Seems like we speak different languages, or come from different epistemologies, since we seem to be talking past each other. The meta-model I was talking about is a rather universal one: close the loop whenever possible and don’t expect much from an open loop. I don’t understand the chain-1 to chain-2 argument. Then again, I find the whole idea of causal chains underwhelming. Maybe they have something to show in terms of having solved problems that are intractable otherwise, but if so, I am not aware of any,
Here’s a real-world example (in fact the example which motivated the original essay). I was at a startup and there was this complicated feature we were working on for our app. I asked “Is this actually going to make us any money? Like, what’s the cause-and-effect process from this feature to profits?”. And nobody had any answer. There was no imagined chain from building that feature to making money; we had simply lost sight of the goal. We were building the feature because that was what we knew how to do, and making the app profitable was not something we knew how to do—we were looking for the metaphorical quarter under the streetlight.

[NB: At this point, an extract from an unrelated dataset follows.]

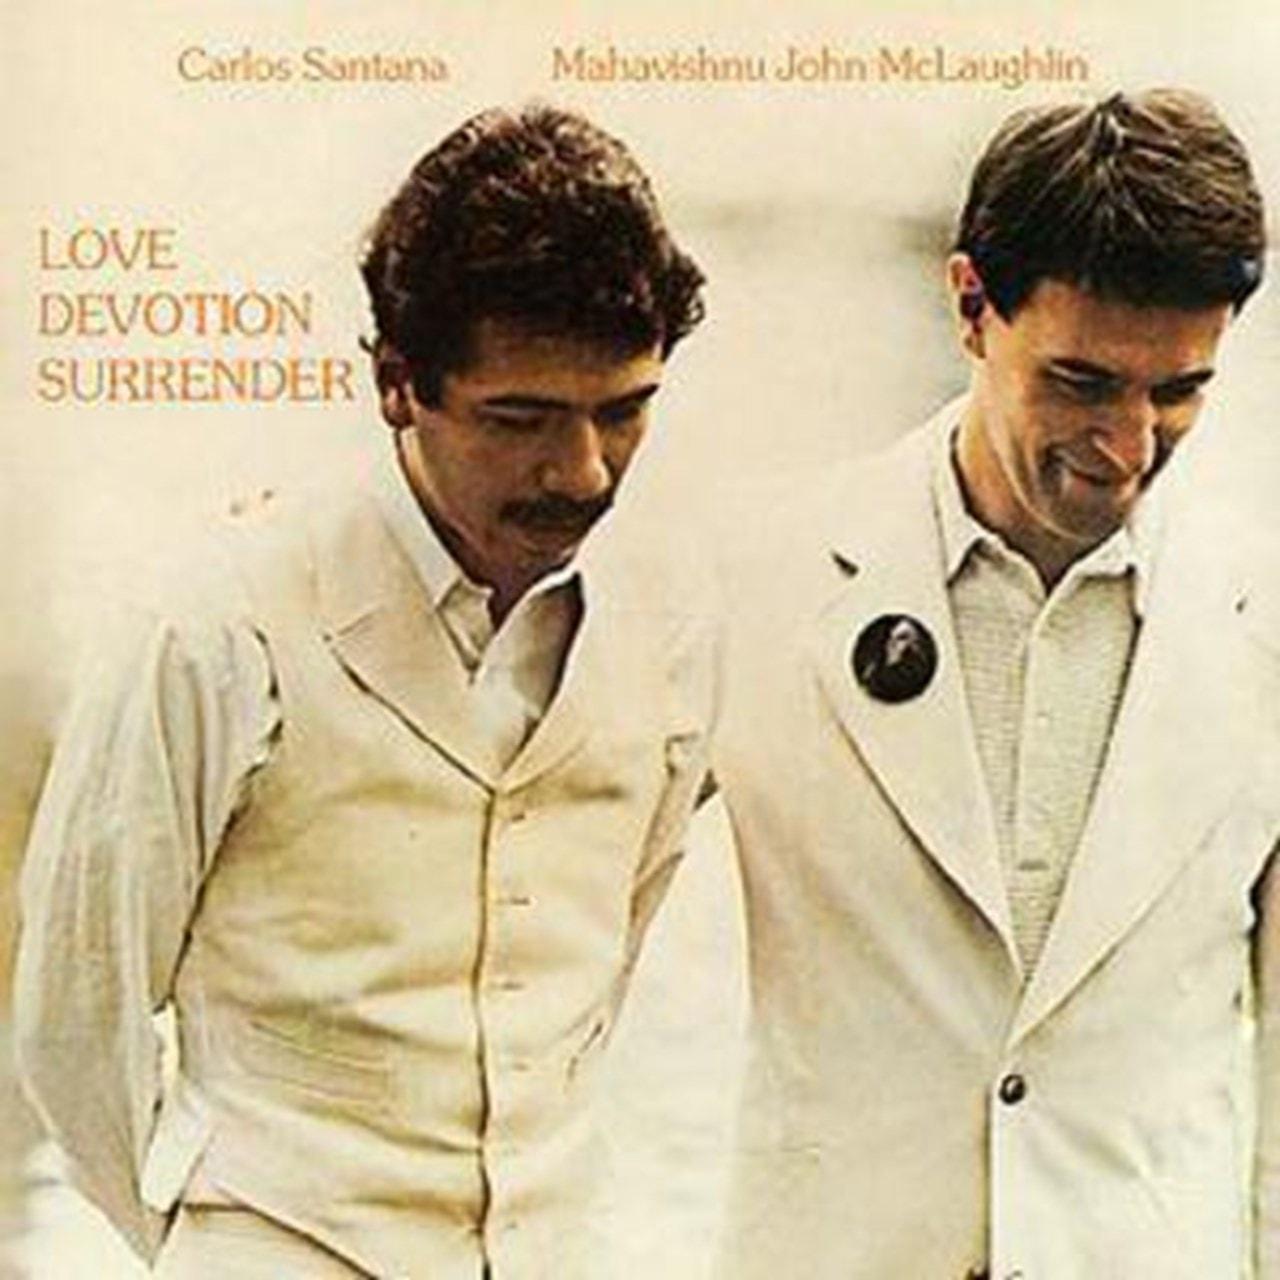 Love Devotion Surrender - 1

Sure, feedback would have straightened us out eventually. We would have released the feature, no money would have been made. But that would have taken months. Noticing that the chain was broken was much faster.
Lost purposes is a common occurrence, definitely. And it looks like you had provided that feedback without waiting in the open loop until your customer give you the feedback. Your motivation was, or appeared to be based on a broken causal chain or something, but the resulting action was something that ought to have been built-in from the start: closing the loop early.